Ce jour-là, Émilie lut dans le journal que tous les cadenas du pont des Arts, ces souvenirs accrochés aux grilles par les amoureux pour immortaliser leur union, avaient disparu en une nuit.

Tentative dissimulée des autorités pour éliminer les breloques inesthétiques ? Pied de nez d’un cartel anti-romantisme ? Le mystère demeurait complet.

À la lecture de la nouvelle, Émilie eut un mauvais pressentiment. Elle et son copain Simon avaient suspendu un cadenas sur le pont à leur arrivée à Paris. Depuis, chaque fois que le hasard guidait leurs pas vers la passerelle, ils constataient que l’objet était toujours là, parmi une armée d’autres preuves d’amour narguant la Seine et ses bateaux-mouches. Émilie n’était pas de nature superstitieuse. Pourtant, il lui semblait entrevoir dans cette profanation l’ombre d’un mauvais présage.

L’été arrivait à grands pas. Chaque matin, la chambre des tourtereaux baignait dans une lumière jaune annonciatrice des beaux jours. Les rayons du soleil réchauffaient leurs corps enlacés sous les draps, adoucissant le réveil, qui souvent, s’éternisait dans des étreintes langoureuses.

En faisant le ménage dans son dressing, Émilie découvrit, soigneusement dissimulé entre deux sweat-shirts, un cadenas en tout point similaire à celui du pont des Arts. Elle saisit la breloque, qui se révéla solidaire d’un entrelacs de sangles de cuir bien caché au fond de l’armoire. Sa perplexité fut à son comble lorsqu’elle constata que l’étrange attirail, une fois déroulé, s’avérait constitué d’une laisse et d’un collier de chien.

Le couple ne possédait pas d’animal de compagnie. Et Simon se montrait d’ordinaire peu enclin aux cachotteries. Archétype de l’homme sain, sportif, un brin naïf, il avait séduit Émilie par son franc caractère. Pourquoi avait-il caché ces objets ? Quel usage en faisait-il ? Le cadenas intriguait particulièrement sa compagne, car il était fermé. La clé demeurait introuvable : Simon devait la conserver sur lui. Toutes ces manigances ne lui ressemblaient pas. Émilie voulut lui téléphoner pour lever le malentendu, puis elle se ravisa, sans renoncer pour autant à tirer l’affaire au clair. Afin de ne pas éveiller les soupçons, elle remit tout en place et se promit de surveiller Simon.
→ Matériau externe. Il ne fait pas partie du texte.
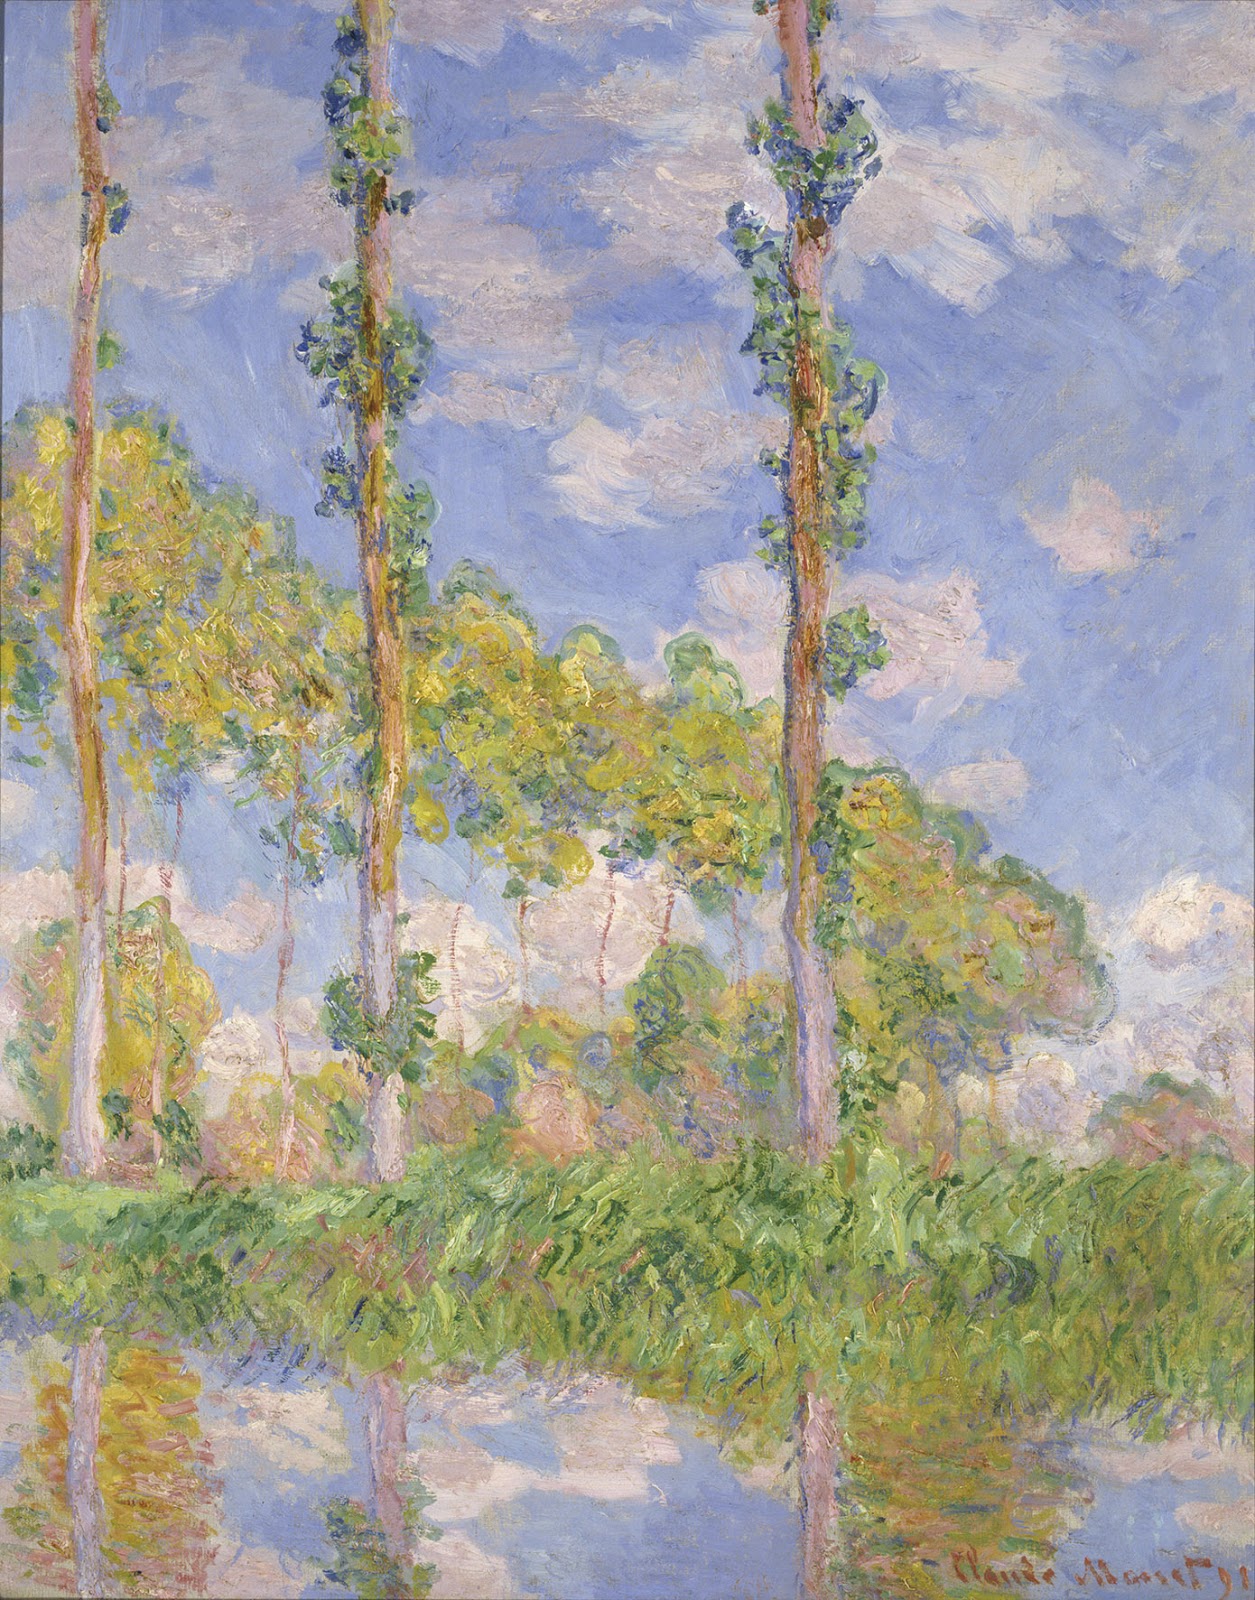 Claude+Monet-1840-1926 (584).jpg
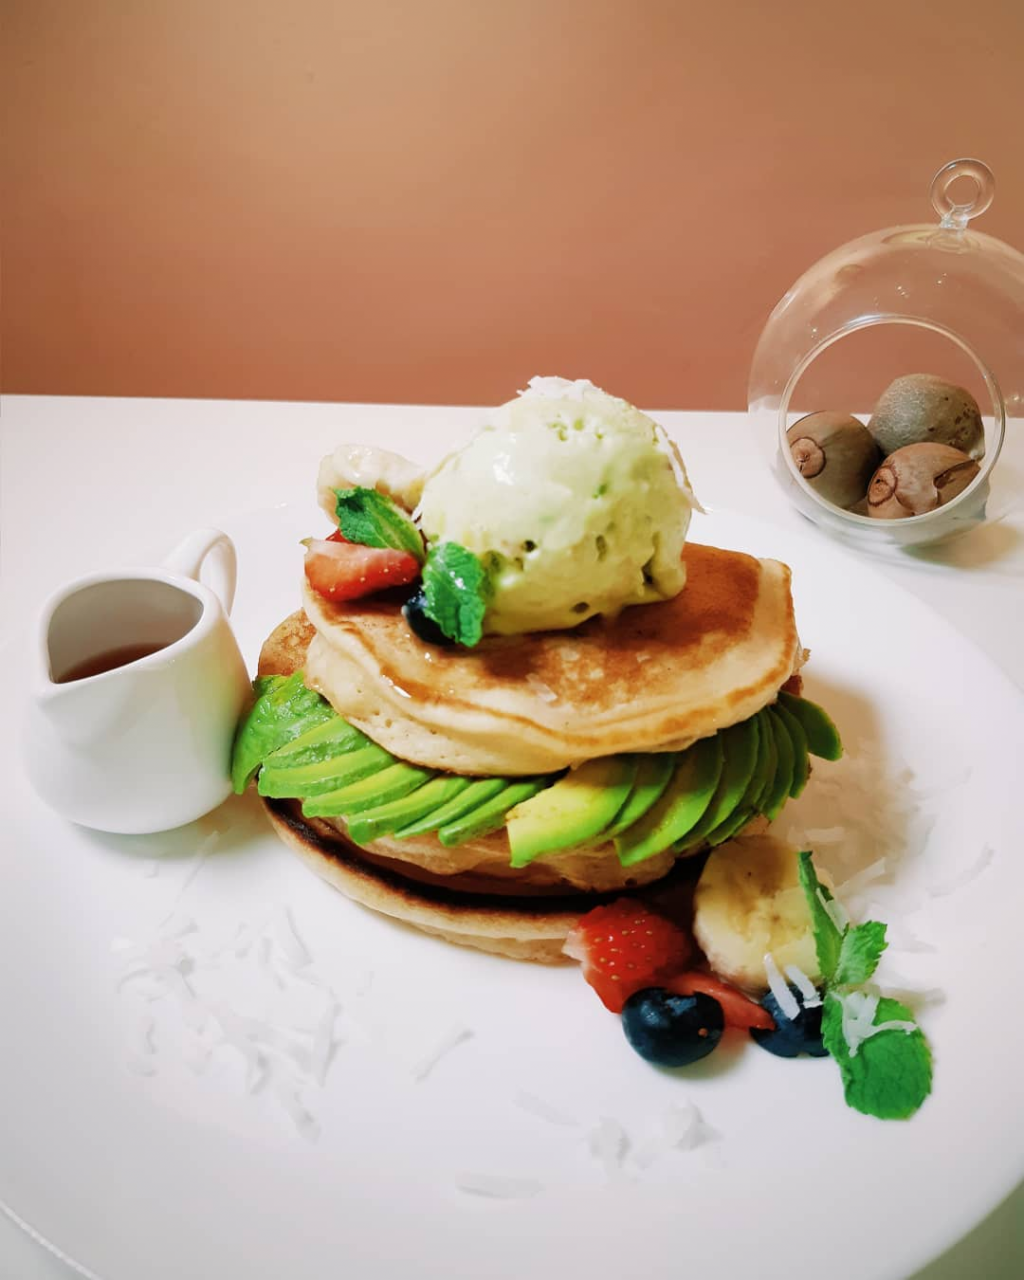 Avocatier's avocado pancake with avocado ice cream

Le soir, Émilie accueillit son copain, de retour d’un marathon, avec les effusions d’usage. Cependant, tourmentée par le mystère du dressing, elle peinait à cacher son jeu. Le couple dîna dans la cuisine sans échanger une parole : Émilie n’était toujours pas d’humeur à la confrontation. Puis ils filèrent devant la télévision, paravent idéal des conversations fâcheuses. Par habitude, ils se blottirent l’un contre l’autre sur le canapé, devant un talk-show racoleur qui promettait un sujet sulfureux pour la dernière partie de soirée. Or ce soir-là, la discussion portait sur les excentricités sexuelles. Le présentateur recevait un couple dont l’aspect fit tressaillir Émilie. Une femme masquée, toute de cuir vêtue, trônait sur les reins d’un homme à quatre pattes en combinaison de latex. Tout cela aurait prêté à rire si la femme n’avait tenu en laisse le soumis, qui ne répondait aux questions du présentateur goguenard que par des jappements. « Les chiens ne parlent pas ! » s’exclama sa partenaire pour justifier son comportement, avant de tirer sur la laisse d’un coup sec. Étranglé, l’homme souleva le menton, exposant aux caméras son collier orné d’un cadenas. En d’autres circonstances, Émilie aurait ri de bon cœur, mais se remémorant sa découverte du dressing, elle était incapable de se réjouir.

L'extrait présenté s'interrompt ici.